Дело здесь не в отдельных ошибках биографов и комментаторов, а в общей концепции творческой эволюции Чехова, которая сложилась еще при его жизни и в те времена, строго говоря, не могла быть иной. Как всякая традиционная схема, она обладает большой инерцией и преодолевается медленно и с трудом, так что и в наши дни едва ли кто-либо решится утверждать, что проблем, так или иначе связанных со «Степью», больше не существует.
С появлением «Степи» сложилась такая картина творческой эволюции Чехова: он шел в литературе путем постепенных количественных накоплений, от юморески в несколько строчек к сценке, затем к рассказу, водевилю, большой повести, пьесе — и так от безвестных безделушек до «Студента», «Дома с мезонином», «Трех сестер» и «Вишневого сада». Собственно, и «Степь» показалась критике «собранием картинок и сценок», поскольку ее автор не имел опыта работы над крупной литературной формой. Так и писали: и ничего мы вместе не сольем…
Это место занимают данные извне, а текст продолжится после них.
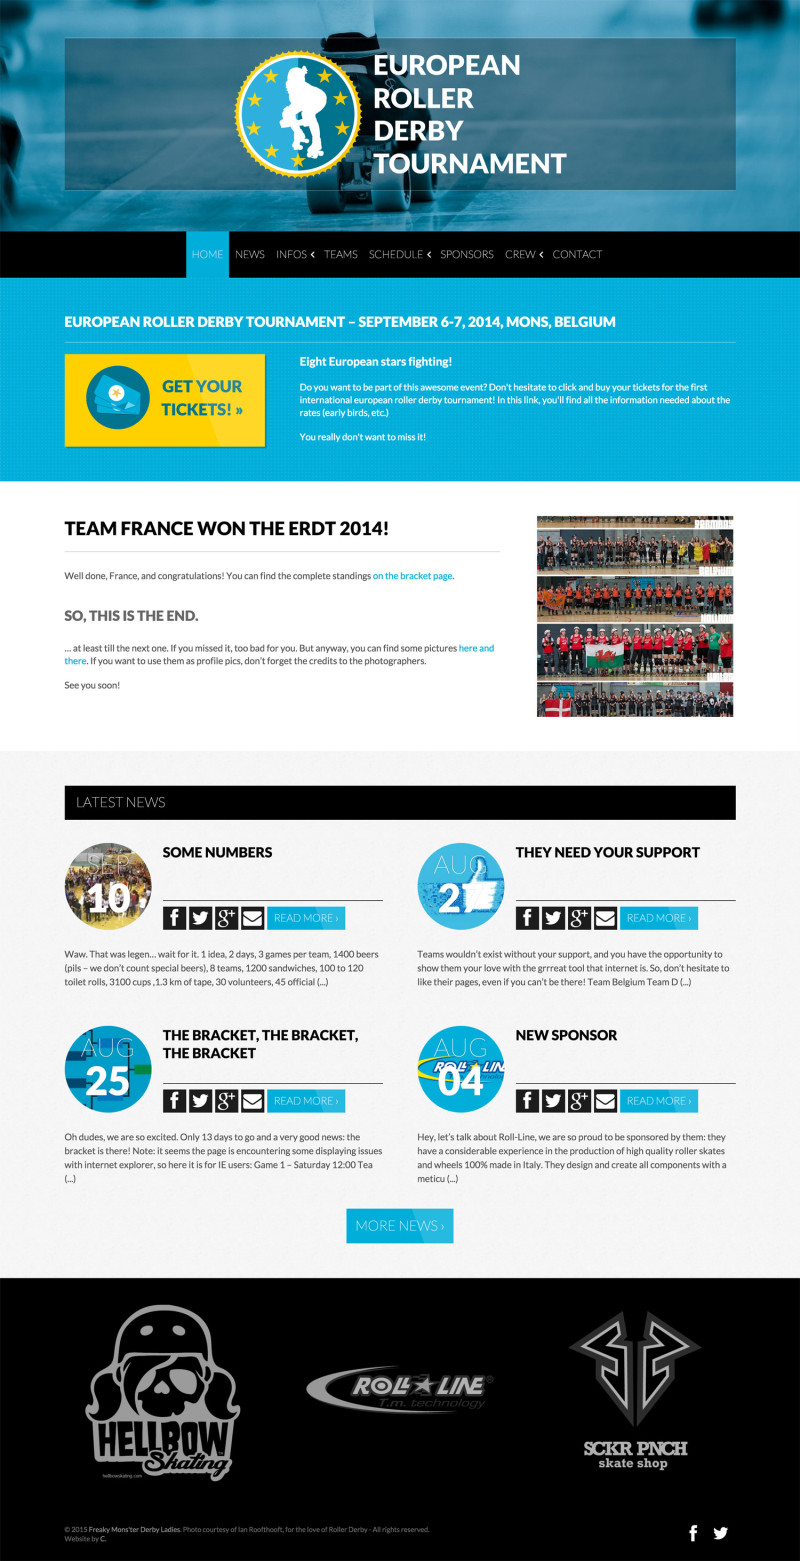 European roller derby tournament website - desktop

Возникла характернейшая историко-литературная коллизия, когда непривычная, новаторская вещь воспринимается как вещь неудавшаяся. Позднее так будет с «Чайкой» и «Вишневым садом», а раньше — гораздо раньше, на заре творчества — так было с юношеской пьесой («Безотцовщина»), каким-то чудом сохранившейся в семейном архиве, несколько десятилетий пролежавшей в безвестности и наконец возвращенной к жизни в сценарии кинофильма «Неоконченная пьеса для механического пианино». С точки зрения традиционного старого театра это была вовсе не пьеса, а неумелый черновик, нагромождение сцен, монологов, реприз, подборка сценических материалов…
Между тем Чехов, тогда студент, предназначал свое творение для сцены Малого театра, для Ермоловой. И лишь полвека спустя, с появлением кинематографа и так называемого «режиссерского» театра, стало выясняться, что это вовсе не беспомощно-детская, а новаторская пьеса, предвещавшая появление в искусстве новых форм.
Пьеса Малым театром принята не была, и Чехову, судя по всему, дали жестокий урок, о котором он помнил до конца жизни: «Этого свинства, которое со мной было сделано, забыть нельзя… Слишком много было тяжелого… Да знаете ли вы, как я начинал? Да и до сих пор…».39
Для истории литературы важно то, что пьеса была написана до появления в «малой прессе» юмористических рассказов и сценок Антоши Чехонте, важно как раз крушение юношеских надежд и иллюзий. Что схема постепенной художественной эволюции неверна, можно было бы, впрочем, догадываться и раньше. У большого художника не может быть «постепенной» судьбы. Невозможно «понемножку» стать Грибоедовым и Толстым. Здесь ничего не значат ни великое усердие, ни труд: «Надо чем-то быть, чтобы что-то сделать» (Гете).40
Нельзя сказать, что судьба Чехова не сложилась — просто она сложилась не сразу, она была отложена и на какое-то время прервалась, и, печатаясь в «Стрекозе» и «Осколках», Чехов сохранял нечто важнейшее для себя: «Писал я и всячески старался не потратить на рассказ образов и картин, которые мне дороги и которые я, Бог знает почему, берег и тщательно прятал» (Д.В. Григоровичу, 28 марта 1886 г.; П., 1, 218).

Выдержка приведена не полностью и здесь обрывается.